Will Wright, the game's designer, said the game has been a success in many ways—attracting casual gamers and female gamers (the latter making up almost 60% of players). In 2012, the game was one of 14 video games selected by the Museum of Modern Art as the basis for an intended collection of 40 games. The PlayStation 2, Xbox, and GameCube ports received scores ranging from 81.05% to 85.80% on GameRankings.

Aggregate scores
| Aggregator | Score |
|---|---|
| GameRankings | (PC) 90% (PS2) 81% (Xbox) 82% (GCN) 86% |
| Metacritic | (PC) 92/100 |

Review scores
| Publication | Score |
|---|---|
| AllGame | 5/5 (Windows) 5/5 (Macintosh) |
| Electronic Gaming Monthly | 9.5/10, 8.5/10, 8/10 (PS2) |
| GamePro | 5/5 |
| GameSpot | 9.1/10 |
| IGN | 9.5/10 |
| Next Generation | 4/5 |

Awards
| Publication | Award |
|---|---|
| Interactive Achievement Awards | Game of the Year Outstanding Achievement in Game Design Outstanding Achievement in Game Play Engineering |
| GameSpot | Game of the Year |
| Game Developers Choice Awards | Game of the Year |
| IGN | Best Simulation |

===Sales===
The Sims was released on February 4, 2000, and became a best-seller shortly after launch. In the United States, it was the best-selling computer game of 2000, with domestic sales of 1.77 million units and revenues of $72.9 million. It remained the country's No. 1 computer title in 2001, when it sold an additional 1.48 million units and earned another $60.4 million in revenue. In 2002, The Sims became the top-selling PC game in history at the time, displacing Myst by selling more than 6.3 million copies worldwide.

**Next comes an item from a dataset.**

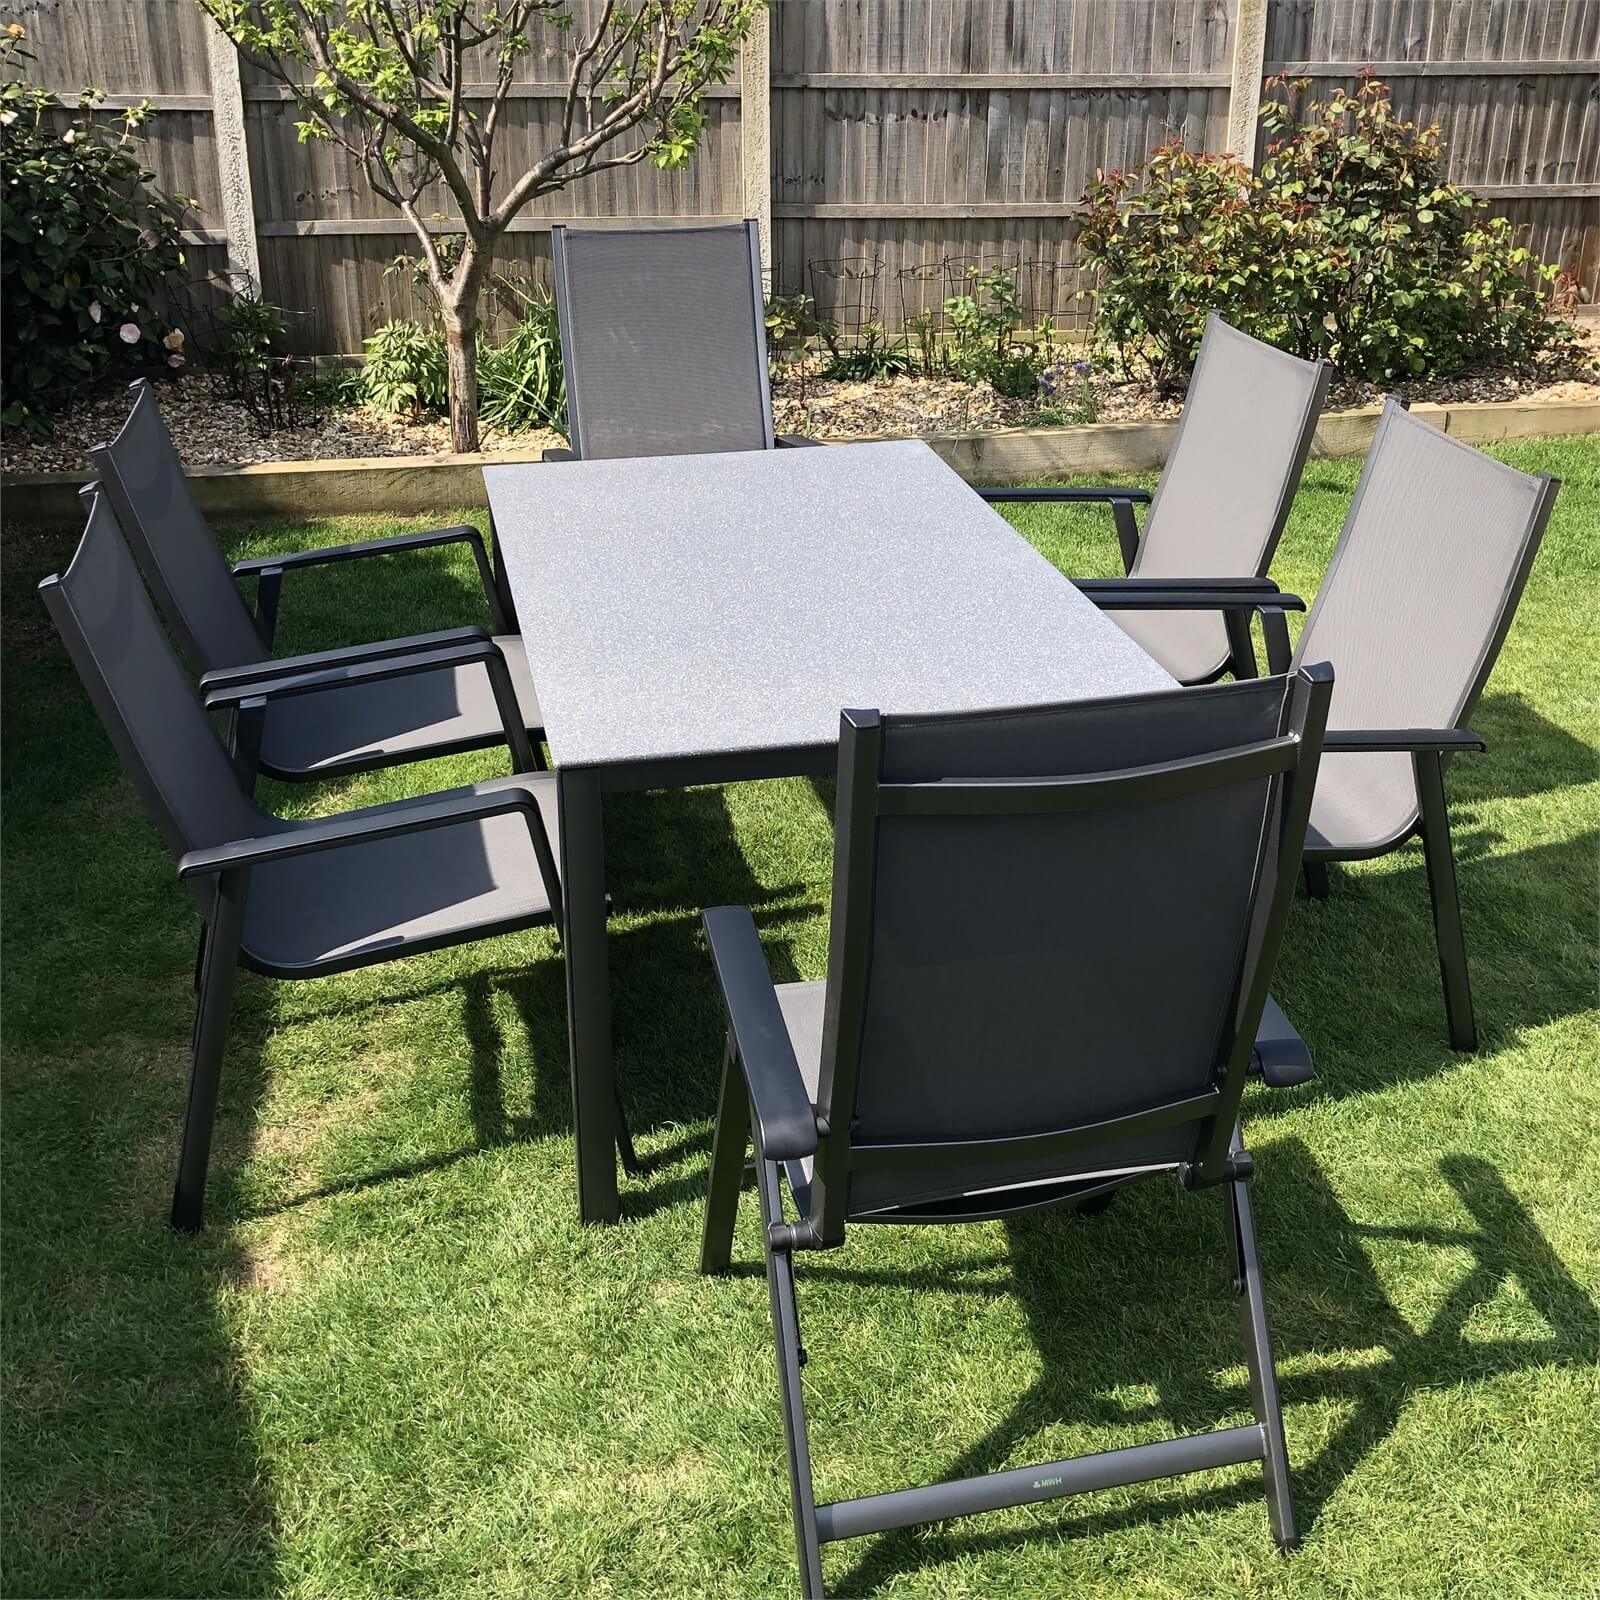 Mwh Elements 6 Seater Metal Garden Furniture in Anthracite

By September 2004, the game and its expansions had sold 41 million copies worldwide. By July 2006, the console versions of The Sims series had sold a combined 3.5 million units in the United States. Next Generation ranked The Sims as the 45th highest-selling game launched for the PlayStation 2, Xbox, or GameCube between January 2000 and July 2006 in the United States. A 2008 Eurogamer retrospective estimated that the original game had sold more than 50 million copies worldwide, or about 70 million copies when expansion packs were included.

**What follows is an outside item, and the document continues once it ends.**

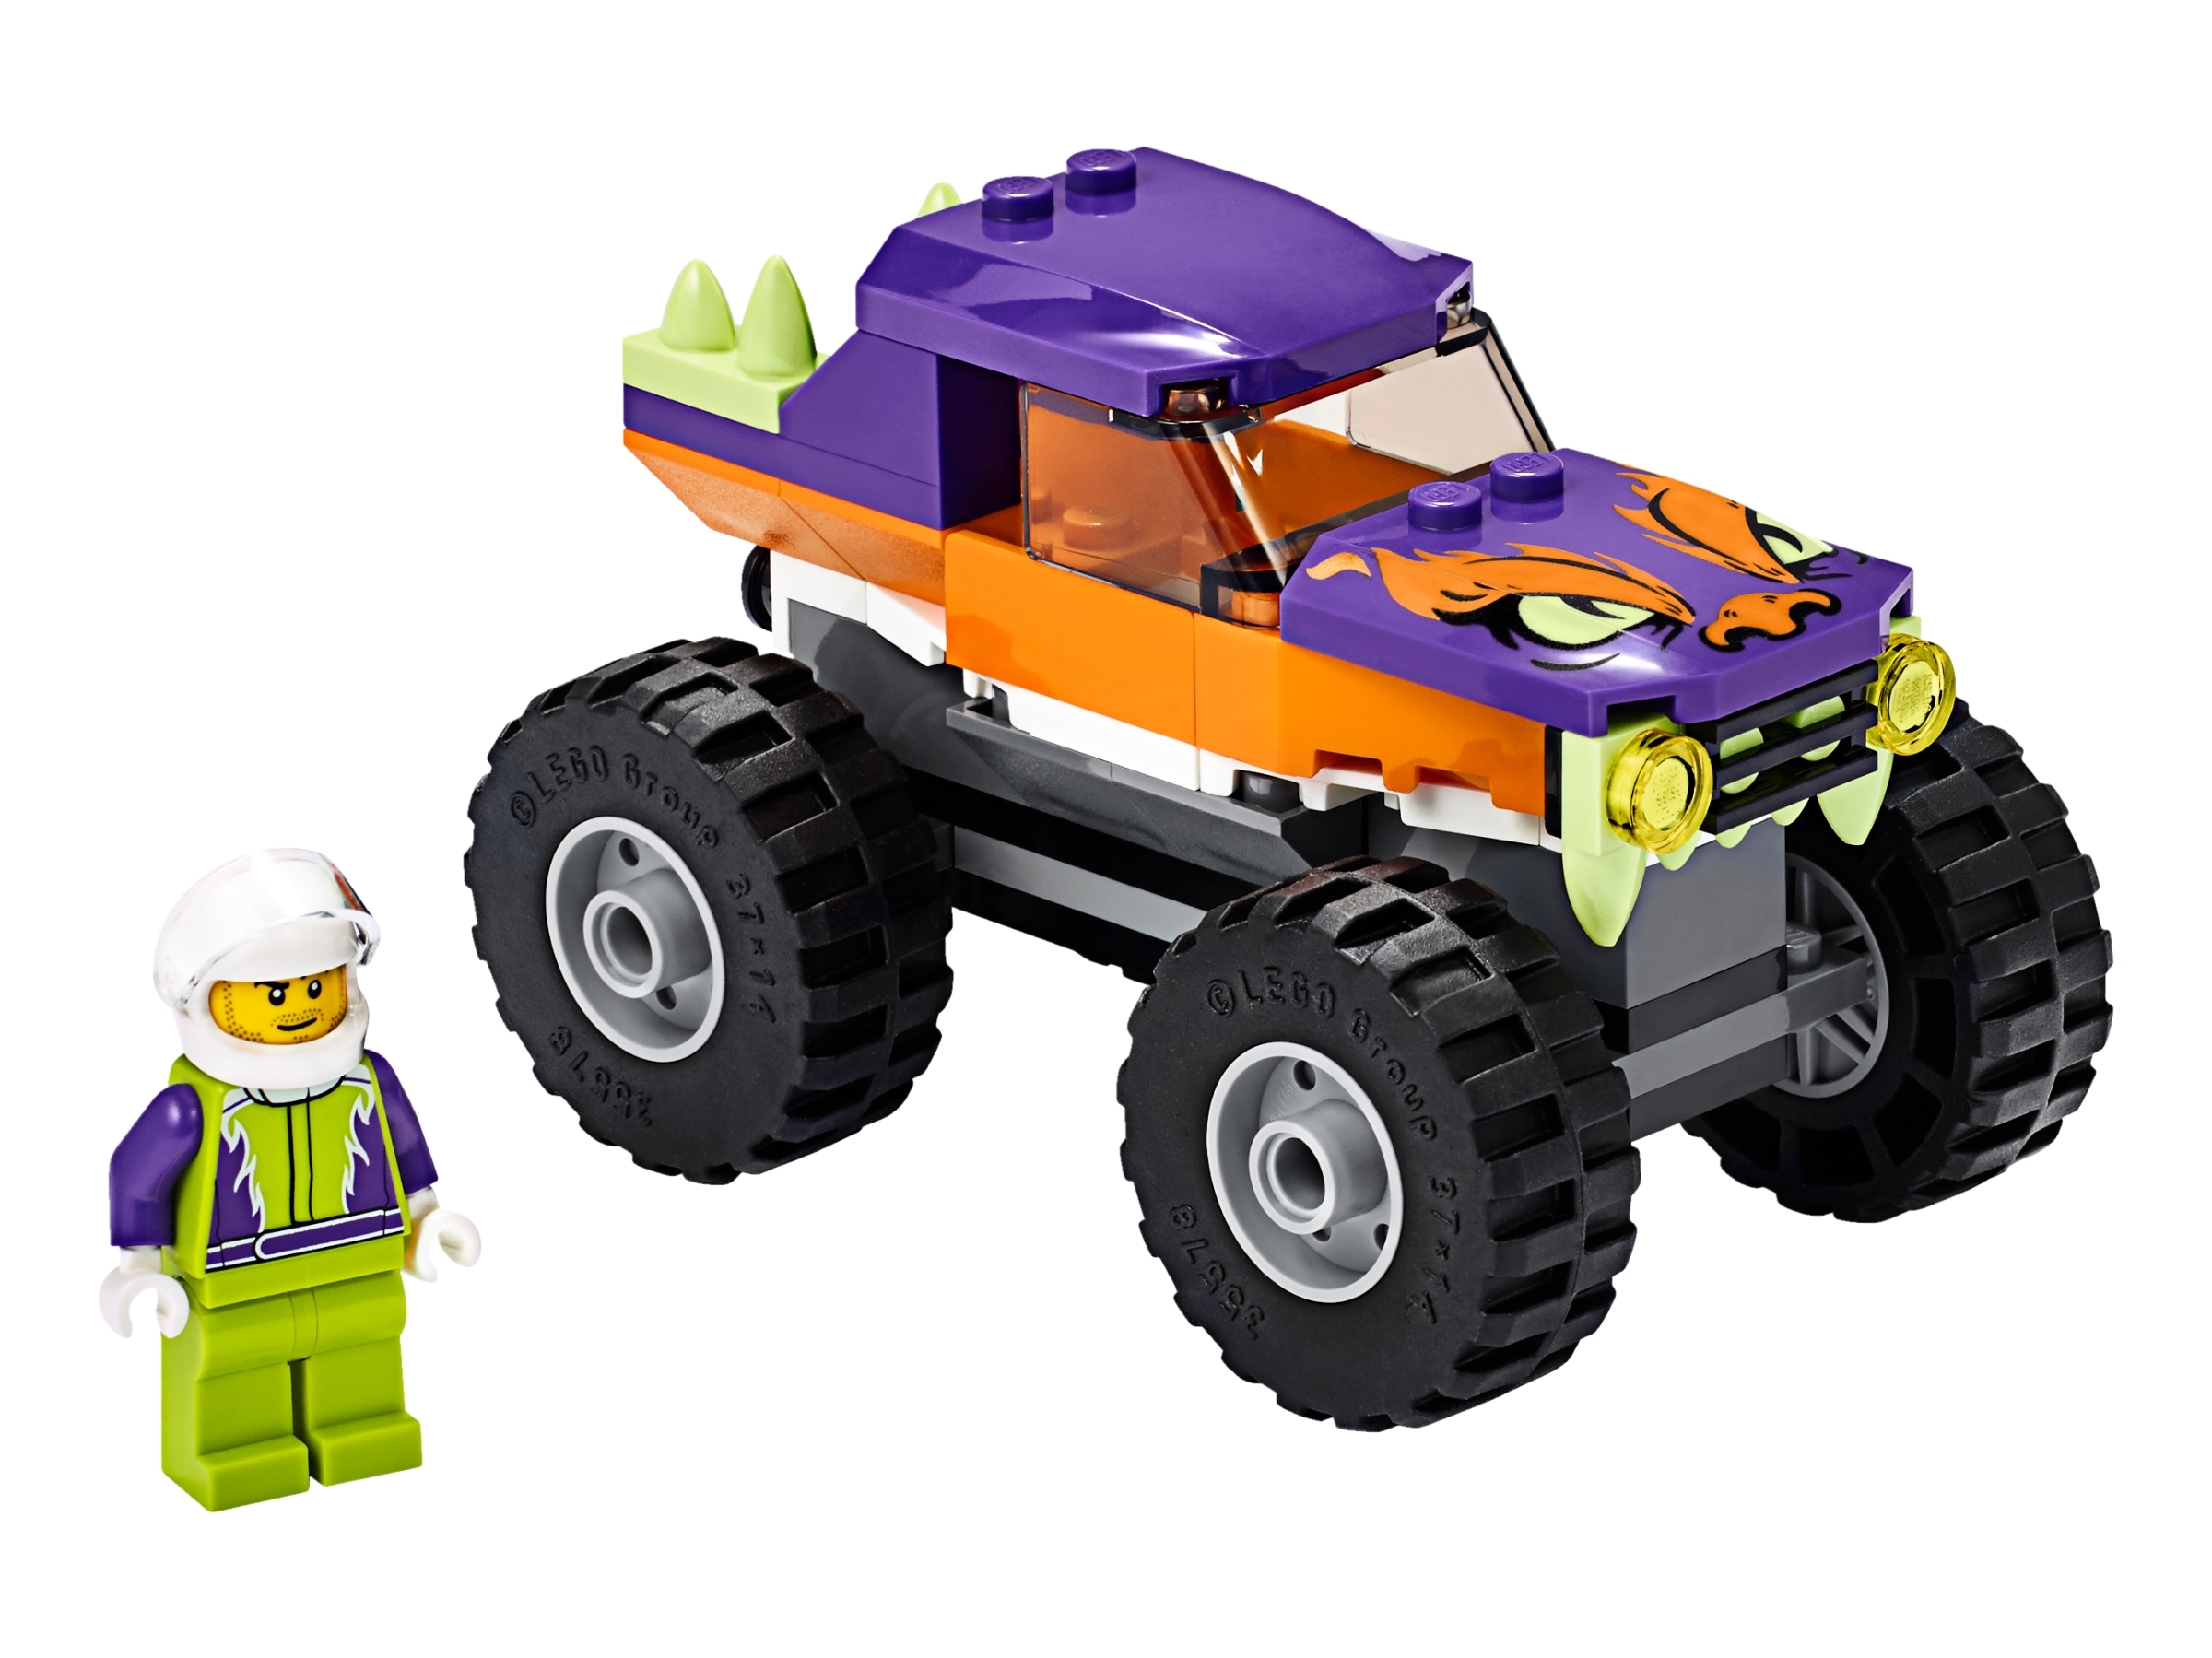 Hot Wheels Monster Truck Lego | peacecommission.kdsg.gov.ng

===Awards and recognition===
The Sims has won numerous awards, including GameSpots "Game of the Year Award" for 2000. During the 3rd Annual Interactive Achievement Awards (since 2013 known as the D.I.C.E. Awards), The Sims won "Game of the Year", "Outstanding Achievement in Game Design", and "Outstanding Achievement in Game Play Engineering" (along with nominations for "Computer Family Entertainment Title of the Year" and "Outstanding Achievement in Art Direction"). Game Informer ranked it the 80th best game ever made in its 100th issue in 2001. In 2005, The Sims was inducted into GameSpots list of the greatest games of all time. In 2016, The Strong National Museum of Play inducted The Sims to its World Video Game Hall of Fame. In August 2016, The Sims placed 31st on Times "50 Best Video Games of All Time" list. In 2019, it was ranked 17th on The Guardians "50 Best Video Games of the 21st Century" list.

==Sequels and legacy==

The Sims was followed by the sequels The Sims 2 (2004), The Sims 3 (2009), and The Sims 4 (2014). The console versions of The Sims were each followed by a sequel, The Sims Bustin' Out (2003), and a spin-off game, The Urbz: Sims in the City (2004). These versions incorporate some features of later PC expansion packs, and Bustin' Out adds a multiplayer mode supporting two simultaneous players. When completing the game, Will Wright dedicated The Sims to the late Danielle Bunten Berry, an influential trans game designer known for her innovation and contributions to multiplayer gaming.